Hi Logan, thank you for your report.
And also tanks Jamie to already provide a workaround for thew apparmor case.

We just SRUed a fix to Xenial to "allow execution of those scripts".
See https://bugs.launchpad.net/ubuntu/+source/libvirt/+bug/1620407

From your report I see that you likely have Clou-Archive Mitaka which gave you access to the same SRU of libvirt to 1.3.1-1ubuntu10.8.

It very much confuses me that for your case it now seems to prohibiting such an execution.
As that is just inverse to what the fix does. Never the less it is too related to consider it just an accident.

Adding Cloud-Archive task to get their expertise as well.

Changed in libvirt (Ubuntu):
importance: Undecided → Critical
status: New → Incomplete
Changed in cloud-archive:
status: New → Incomplete
ChristianEhrhardt (paelzer) wrote :

Marking Critical as it is a potential SRU-regression

ChristianEhrhardt (paelzer) wrote :

Let me outline on the /etc/qemu-ifup a bit - or at least my understanding of it.
If you happen to run "type=ethernet" networking the script gets to be important.
See https://libvirt.org/formatdomain.html#elementsNICSEthernet
In general this is not recommended for various security reasons (you have to give libvirt/qemu more permissions/capabilities to get this working).
Now if you have type=ethernet and no script set, then the default is /etc/qemu-ifup, maybe that is how it gets this "config" in your case.

The Openstack commit you referred to could absolutely be related as well.
But it should not be in your software stack in your case right?

If applied this would make the xml instead `script=""` not set anything and yes - in that case it would then fall back to /etc/qemu-ifup which might tickle down to showing your issue.

ChristianEhrhardt (paelzer) wrote :

The function the upstream fix relates to in Openstack is:
def set_vif_host_backend_ethernet_config(conf, tapname):
    """Populate a LibvirtConfigGuestInterface instance
    with host backend details for an externally configured
    host device.

Before the change it was part of "get_config(self, instance, network, mapping)" in
"class LibvirtOpenVswitchDriver(LibvirtBaseVIFDriver)"

I'm not sure but does that imply it might trigger in any openvswitch setup?
Some of our tests should have had the same then.
I'll rerun some of those later to be sure.

The libvirt change on the other hand "only" changes to NOT refuse guests right away that have a script= attribute set. See the referred bug for details.
Now it does no more refuse to start those - that should (tm) not cause the issue. Maybe it really is the openstack commit you referred to (causing it to fallback to the default).
But as I said I'd wonder if that commit is active in your Software stack at all.

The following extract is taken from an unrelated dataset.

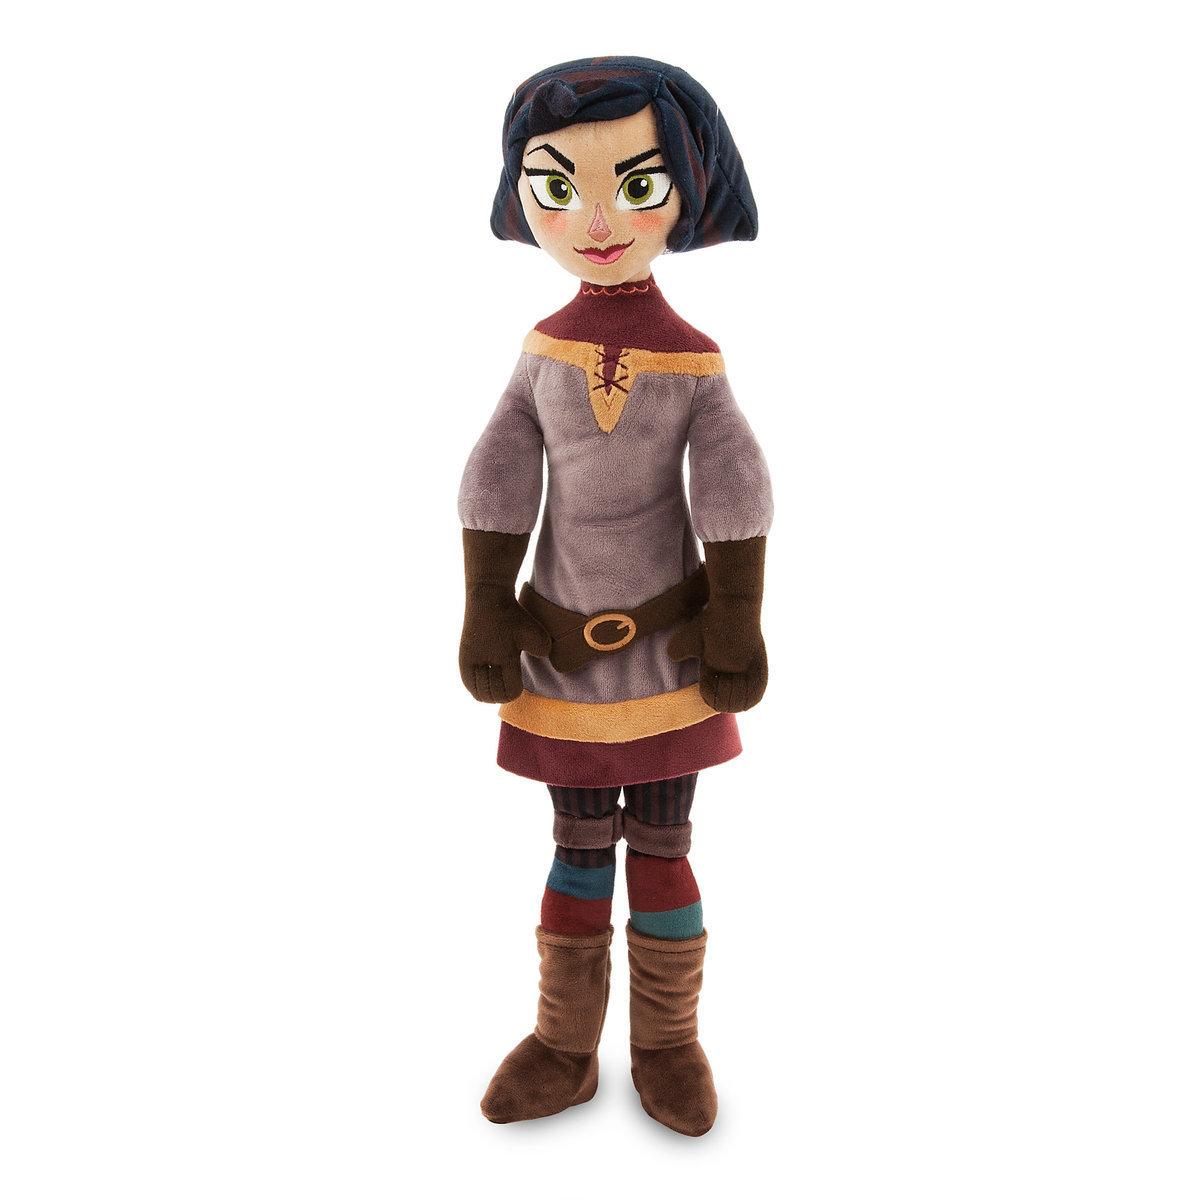 Мягкая кукла «Кассандра» - Дисней - 48 см
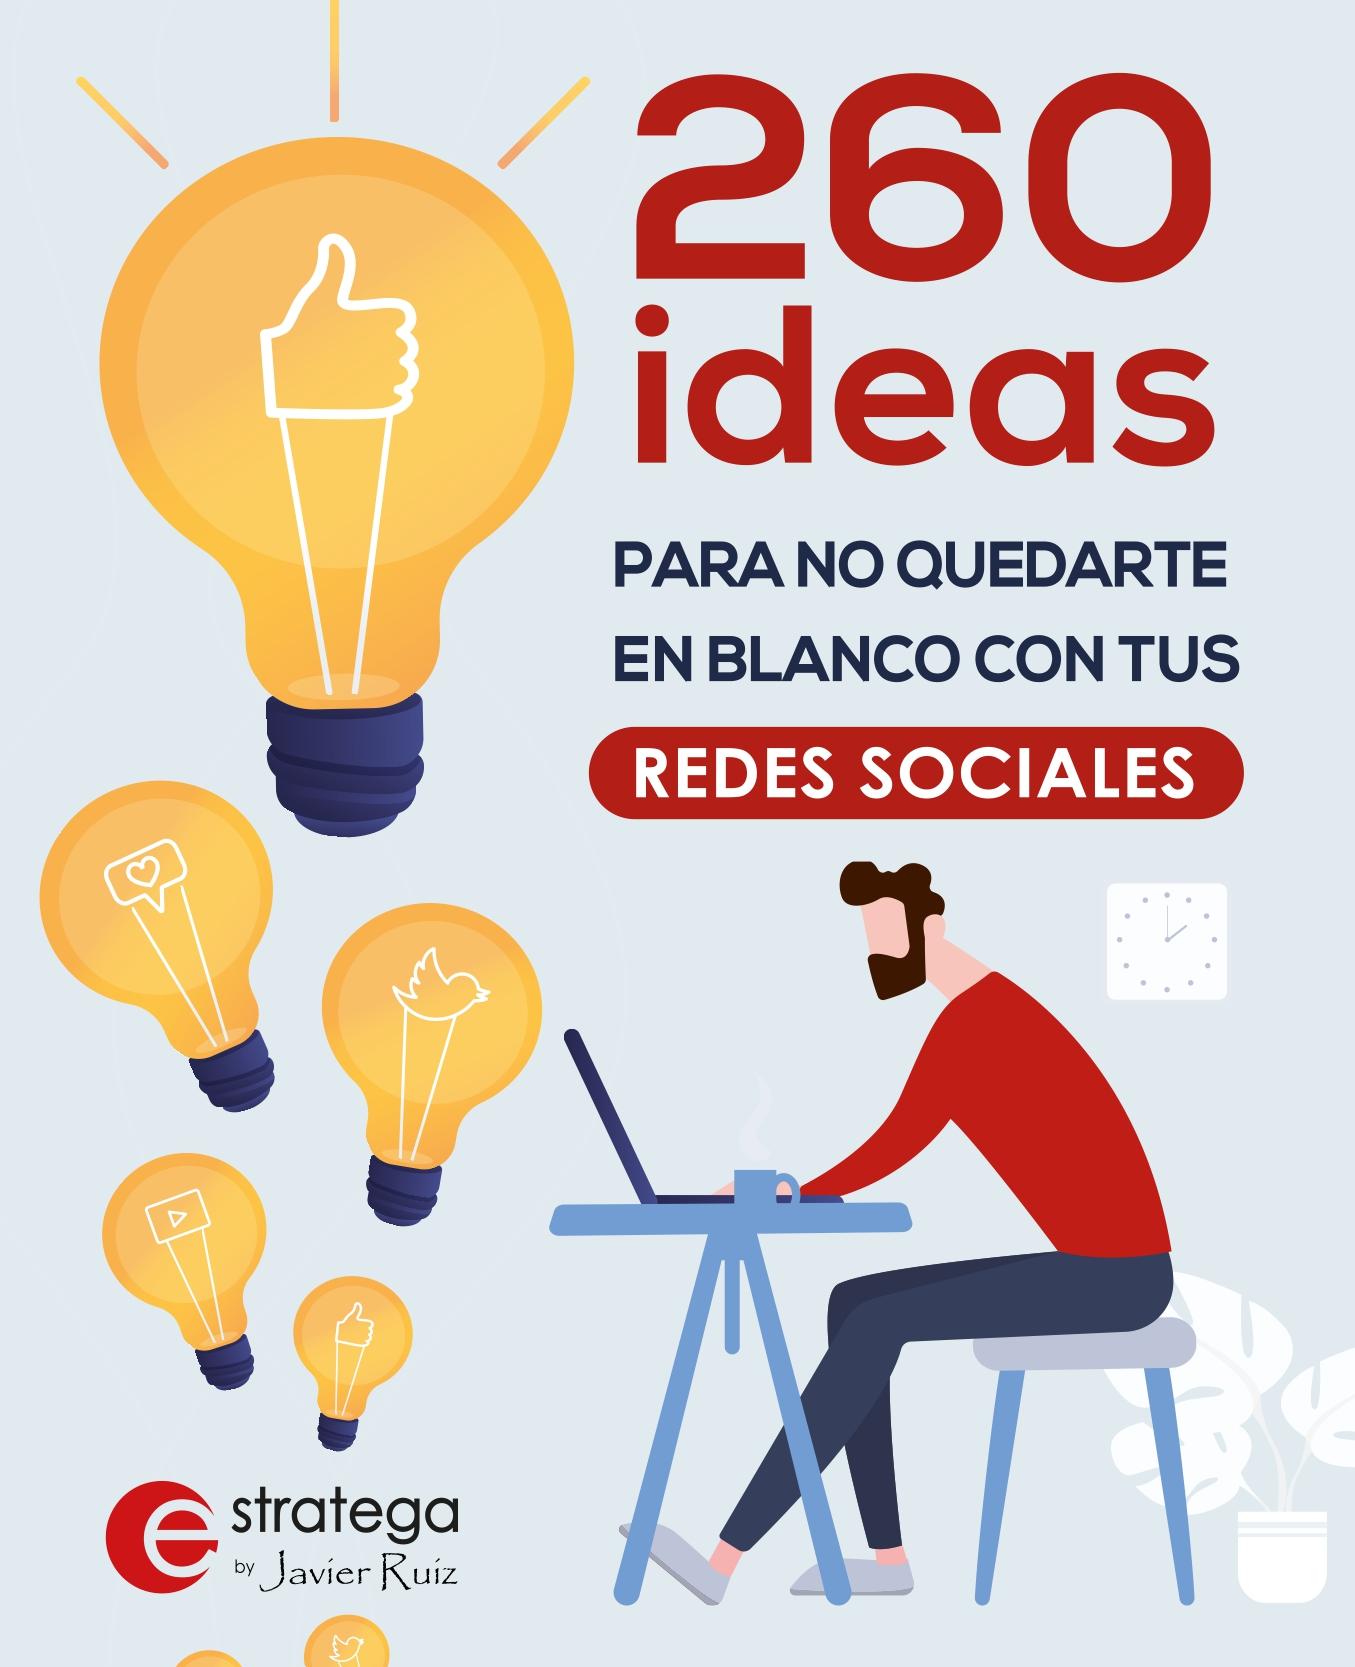 Ebook 2021 - 260 ideas para no quedarte en blanco con tus redes sociales_page-0001

ChristianEhrhardt (paelzer) wrote :

I'm going off some more testing with that in mind what I documented on the bug already.

I really want to understand why it hits you now and if this is a SRU-regression, so here some questions.

Questions to Logan:
- Could you share your guest XML to help me to understand what combination drives your guest into being stopped by this apparmor DENY now?
- Did the workaround suggested by Jamie fix it for you?
- Could you also try downgrading to 1.3.1-1ubuntu10.7 if that get you working again?
- I have made assumptions, but want to confirm what are the releases you are using for Ubuntu, Cloud-Archive, Openstack?

Questions to the Cloud Archive Team:
- It didn't in mine, but did that show up in any of your usual regular tests?
- is the referred Openstack commit active in any of our cloud-archive release (if so in which)?
- Can we reproduce that somehow to iterate more quickly on it?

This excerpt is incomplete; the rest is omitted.